Read As In Love As Never Before Page 4

NEWTON’S LAW OF SLEEPING:

  The regular classes of my college had begun. As the professors start to write their subject title we could imagine ourselves being dumped with ten sleeping pills. No nightingale could ever sing a beautiful lullaby to make us sleep like the professors’ low pitch tone during the lecture hours.

  According to the Newton’s law of sleeping,

  “The intensity of your sleep is directly proportional to the food you ate before attending the lecture. And inversely proportional to the square of the distance between the professor and the bench in which you are sitting…”
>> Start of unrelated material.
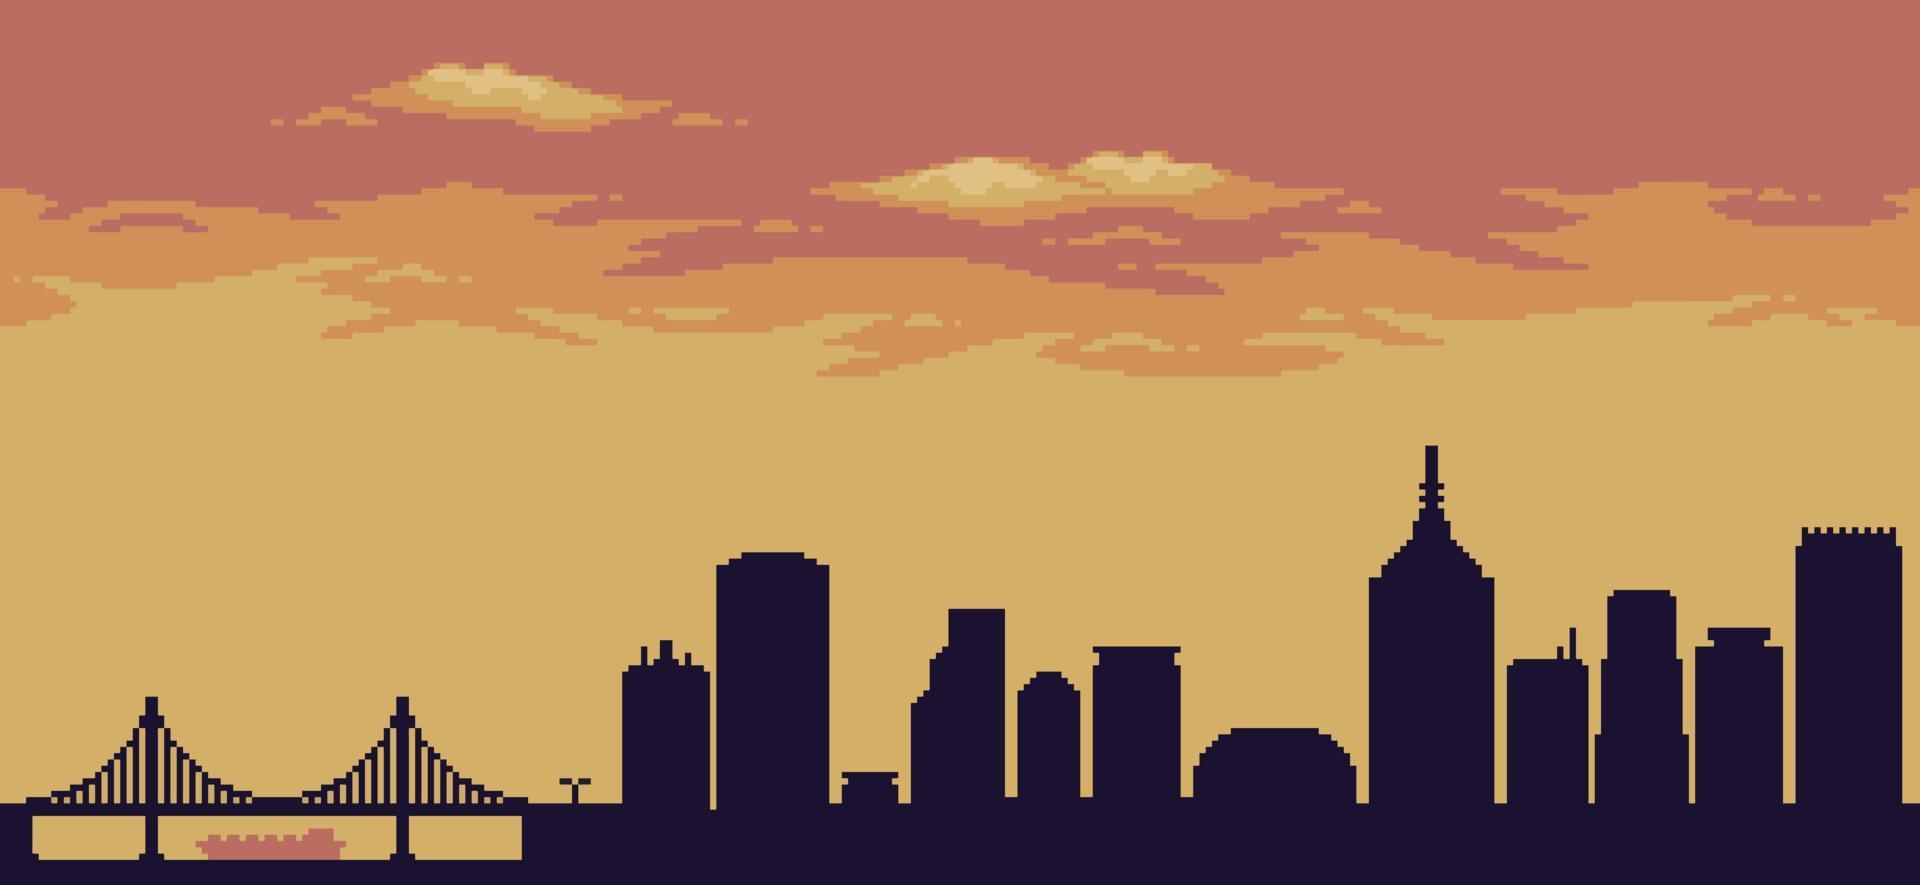 Pixel Art City Hintergrund bei Sonnenuntergang mit Gebäuden, Konstruktionen, Brücke und bewölktem Himmel für 8-Bit-Spiel vektor

  As I always ate full of my stomach and I usually sat on the first bench, so the intensity of my sleep was hard to imagine. But sometimes in the class I would be interested in some other thing when sleep didn’t call me. Mostly due to the harsh and high pitch voices of some of the professors. During those times I would be interested in imagining my future with her.

  Sometimes I would marry her in a temple, sometimes in a church. Sometimes we would feel warm in the Australian Culburra beach. And sometimes we would feel cold in the Siachen glacier of Kashmir. If there was a lot of time i.e. During the guest lecture hours I and she would be thinking a name to keep for our daughter. By the time I would suggest some modern names my mother would be protesting it with her words. And the argument between me and my mother would go on. Until a chalk piece in the size of a small stone would hit my head.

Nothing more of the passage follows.